# Designing a Cage - need advice!



## Elisa (Sep 23, 2010)

I found 2 new 28" x 36" vinyl windows on craigslist and decided to buy them for my Tegu's cage. I am now in the process of designing her cage. (I won't get her till next summer) My husband will help me build it when he gets back from Afghanistan in March.

This is a picture of how I plan on framing the windows for the front of the cage. I'm going to turn the windows sideways. In the picture I just show where the windows will go as the light blue areas. Does it look good on support? Do I need more support? I plan on using 2x4's for the front. 

I'm just going to have plywood for the sides, back and top. Do I need to use 2 x 4's to frame the whole cage or could I use 2 x 2's for the rest of the cage (back & sides)?

I'm still designing and am in no way an expert. Just making stuff up as I go! Any and all help is appreciated!

Thanks!
Elisa


----------



## Toby_H (Sep 23, 2010)

You should be able to frame the entire thing with 2x2's including the front...

The basic design approach you are using will work fine...
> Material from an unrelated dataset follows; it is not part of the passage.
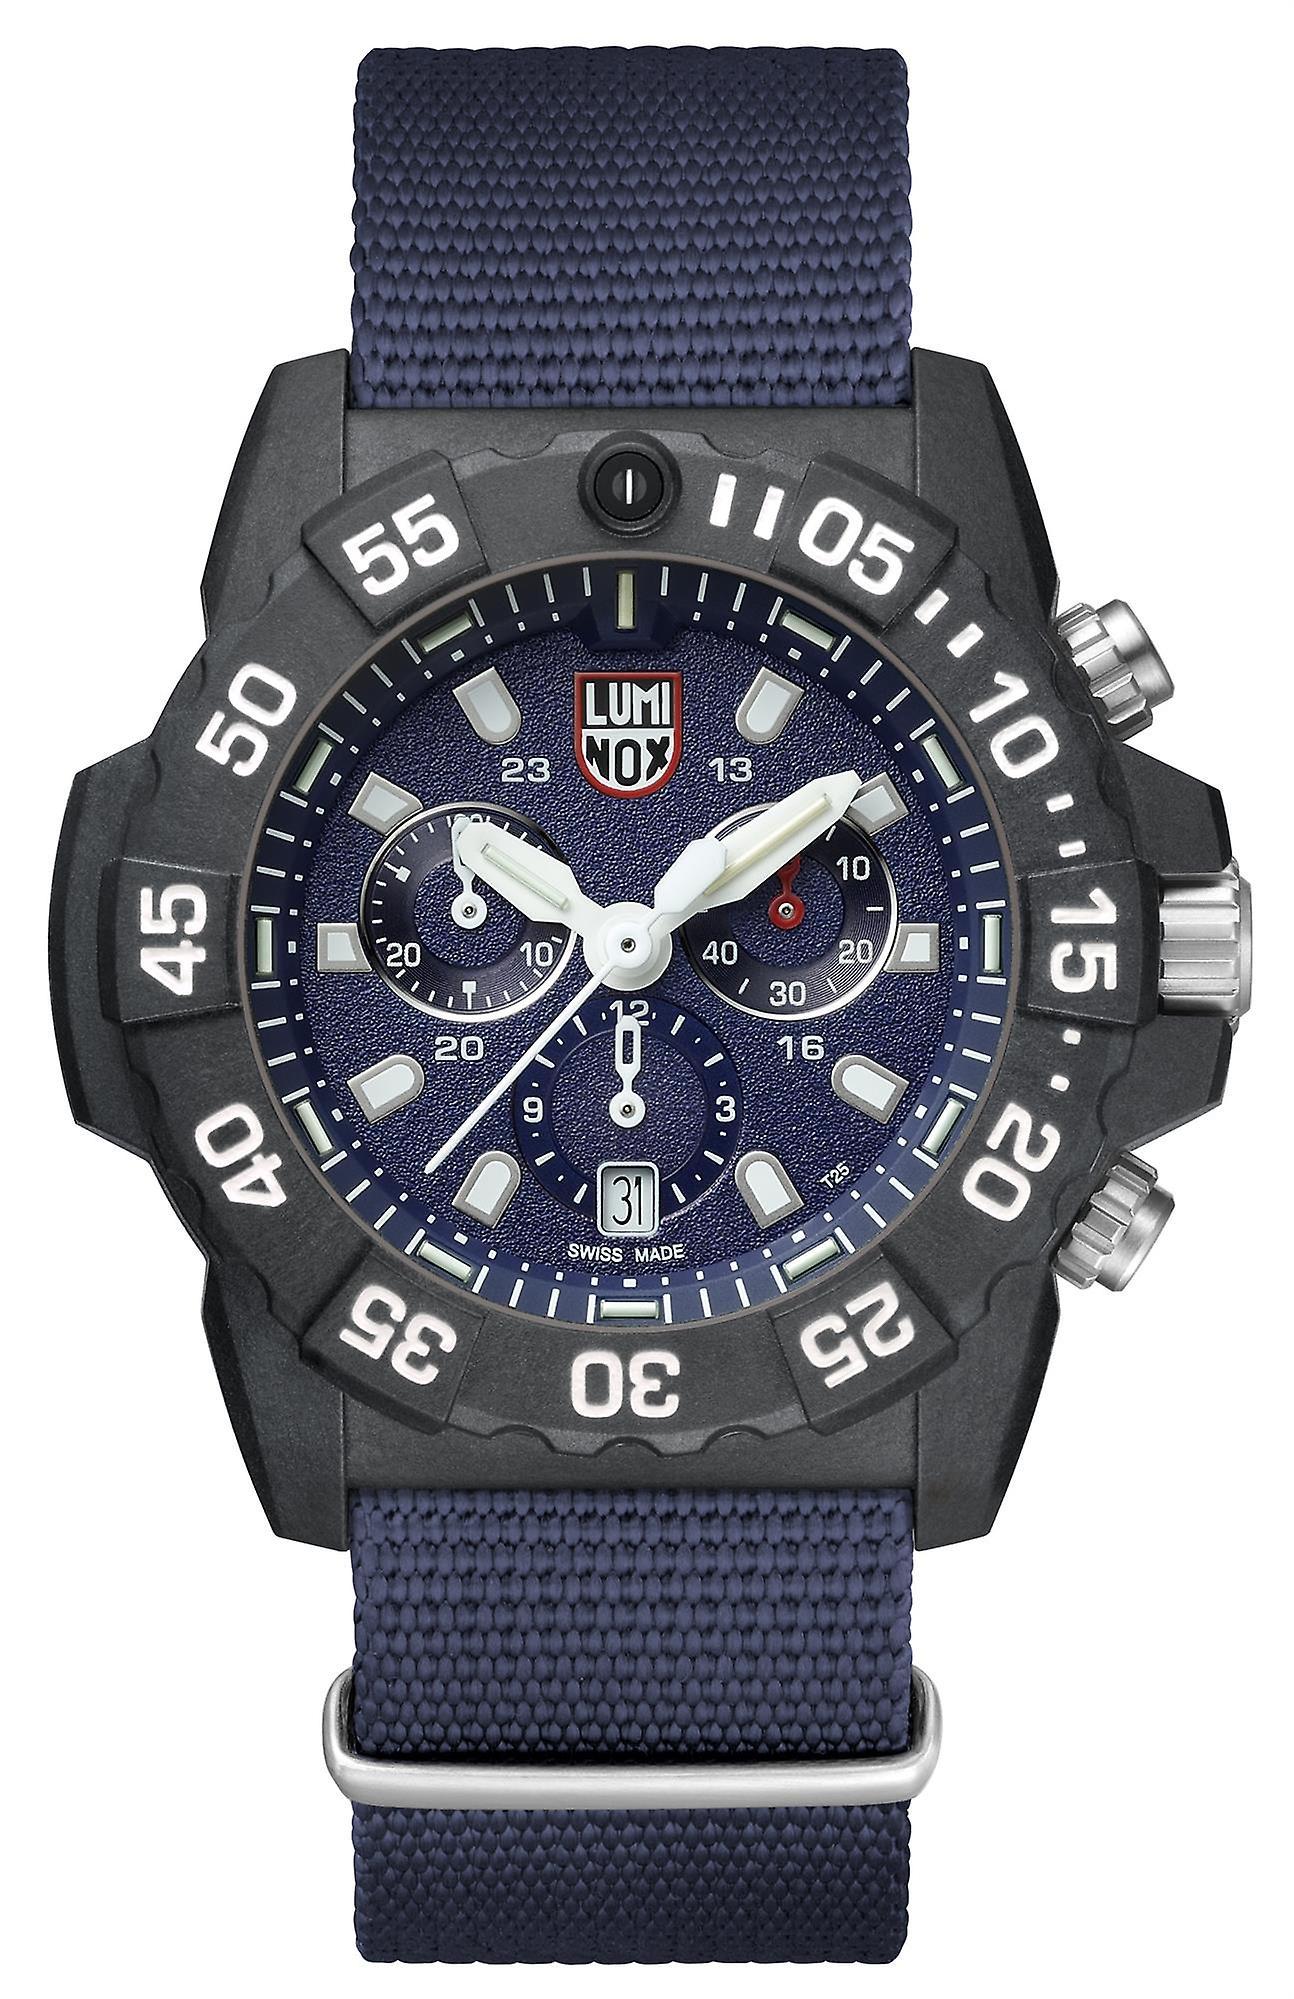 Luninox Navy SEAL Chronograph 3580 Series Blue Canvas Strap Men's Watch XS.3583.ND
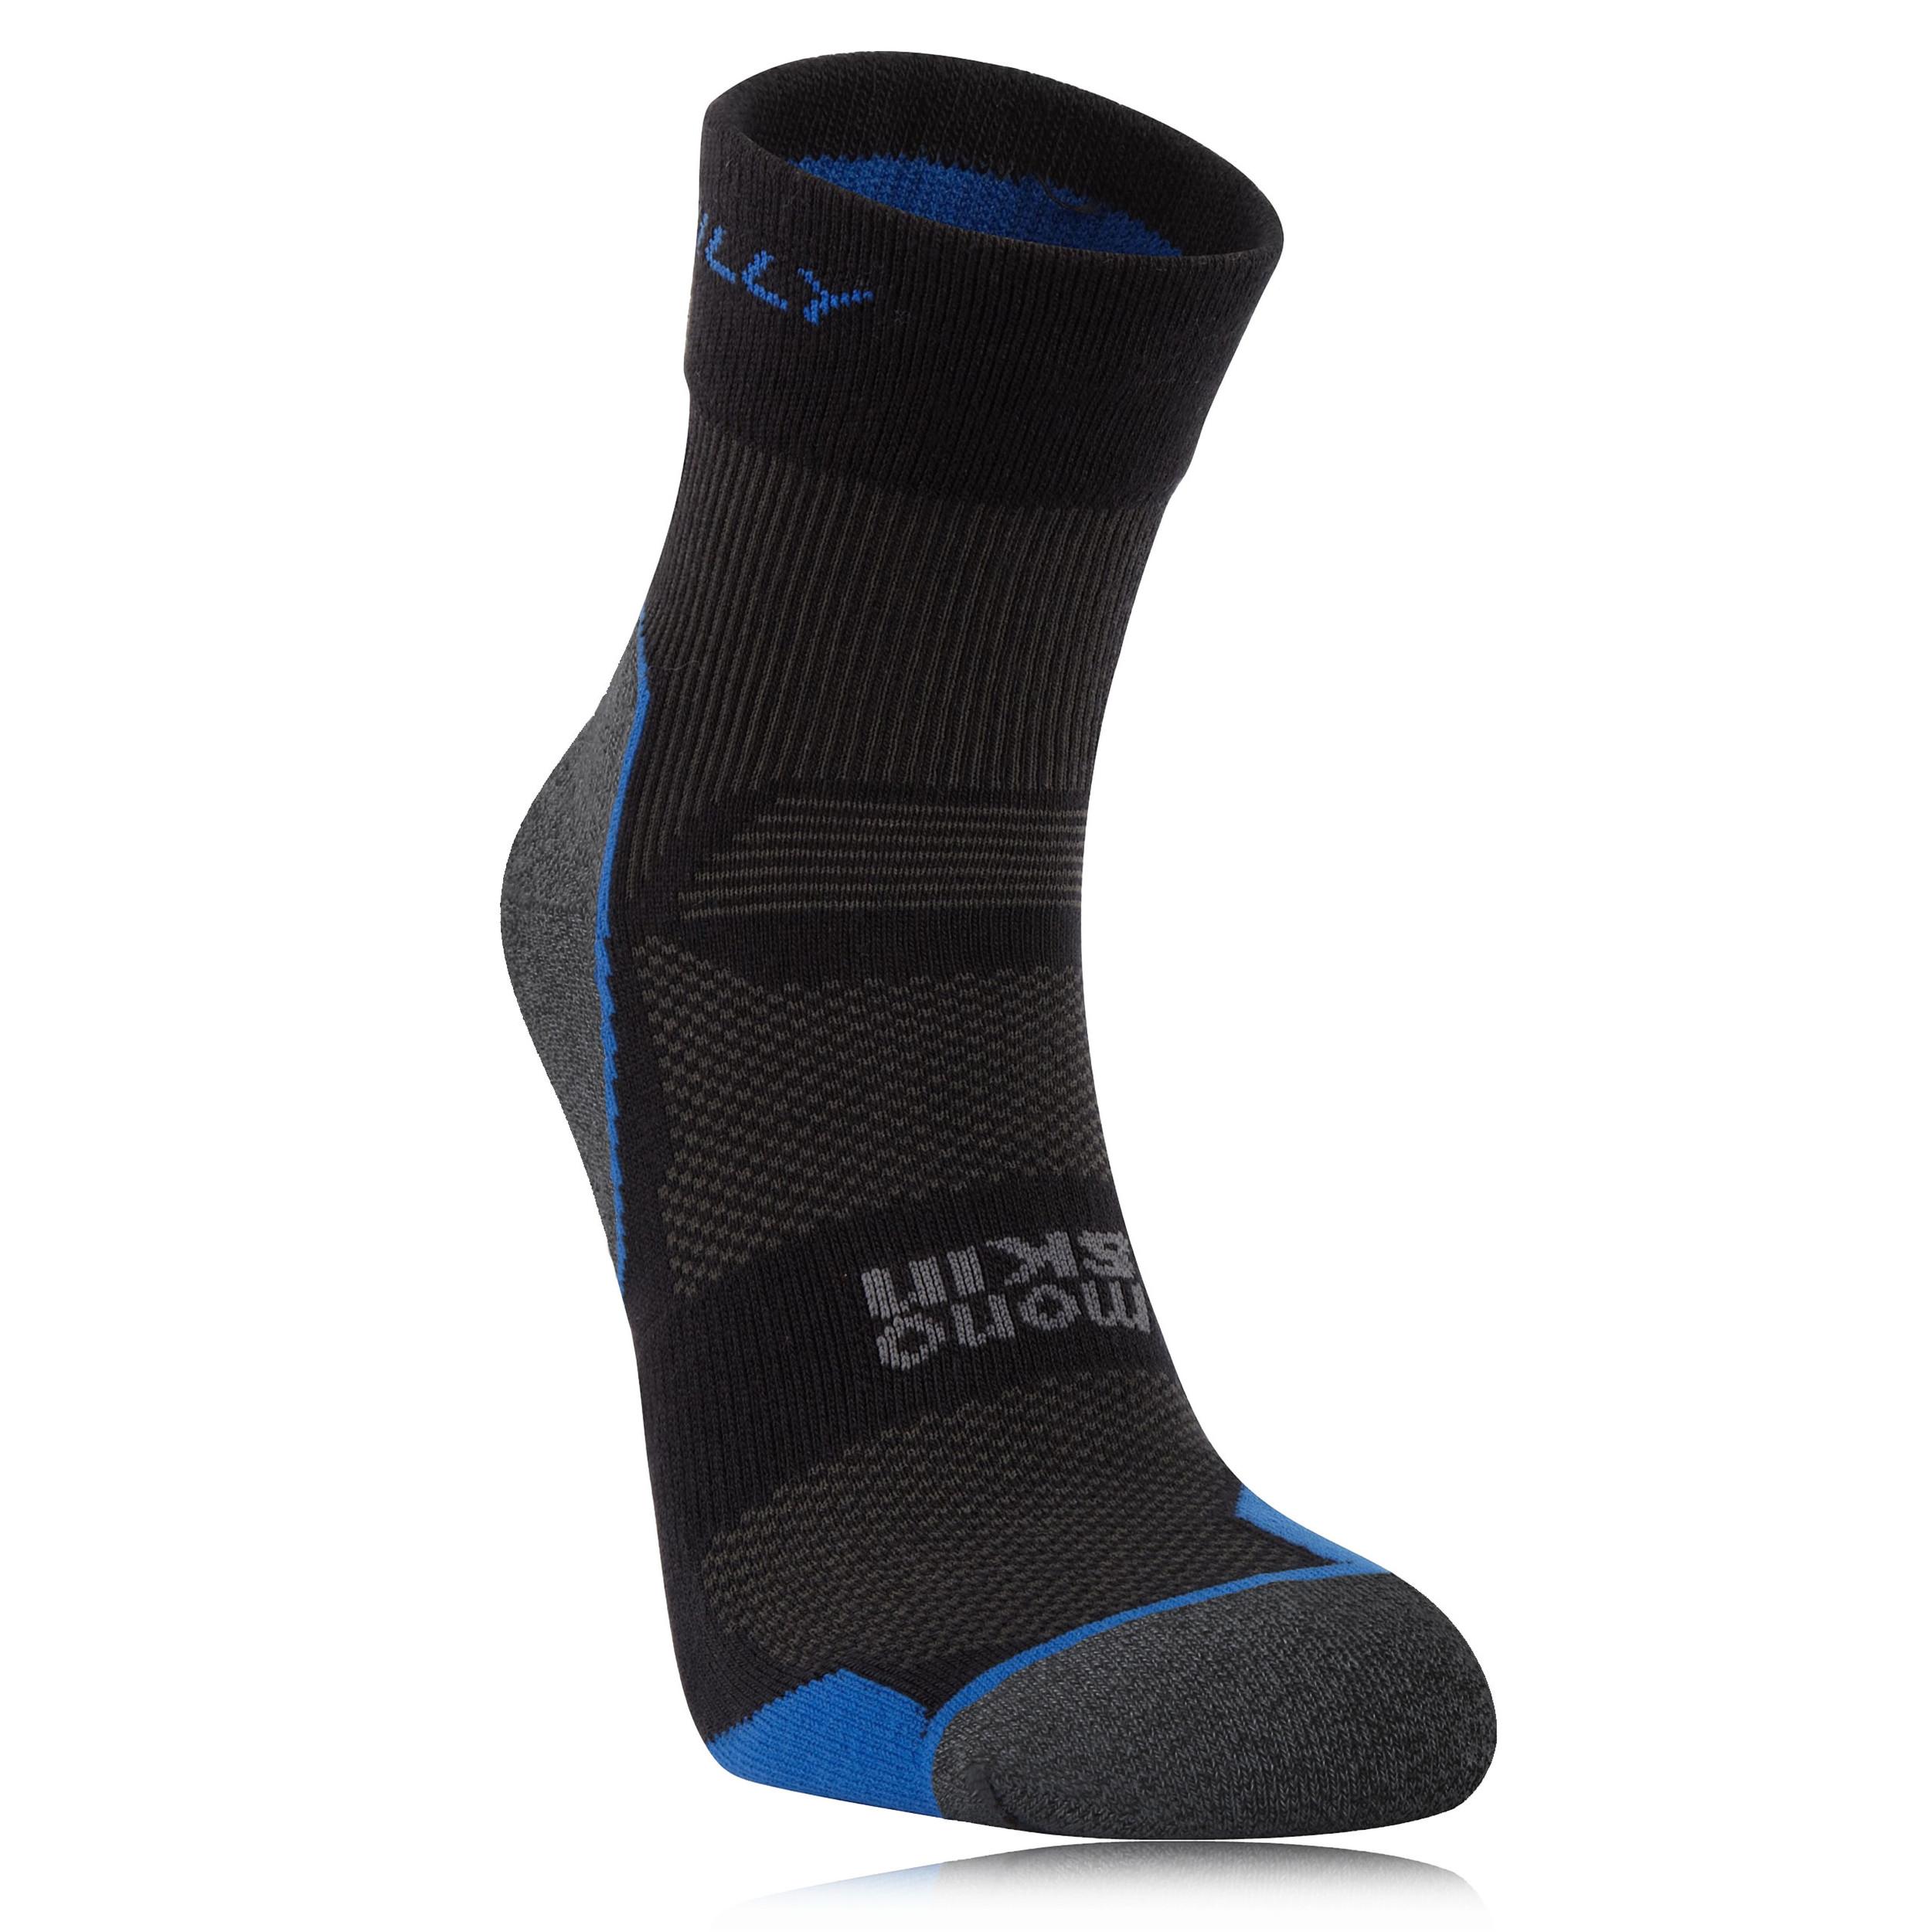 Anklet Shoes For Mens

I built mine of similar design using 2x4's all around and it's designed to hold up to a 240 gal fish tank on top of it (currently holding a 125 gal aquarium but with room to expand)...


----------



## Curtis T (Sep 23, 2010)

You could use 2x2's but for a little bit more money I would use 2x4's it is better to build things stronger and not need the extra strengh than to build it and wish you had Curtis


----------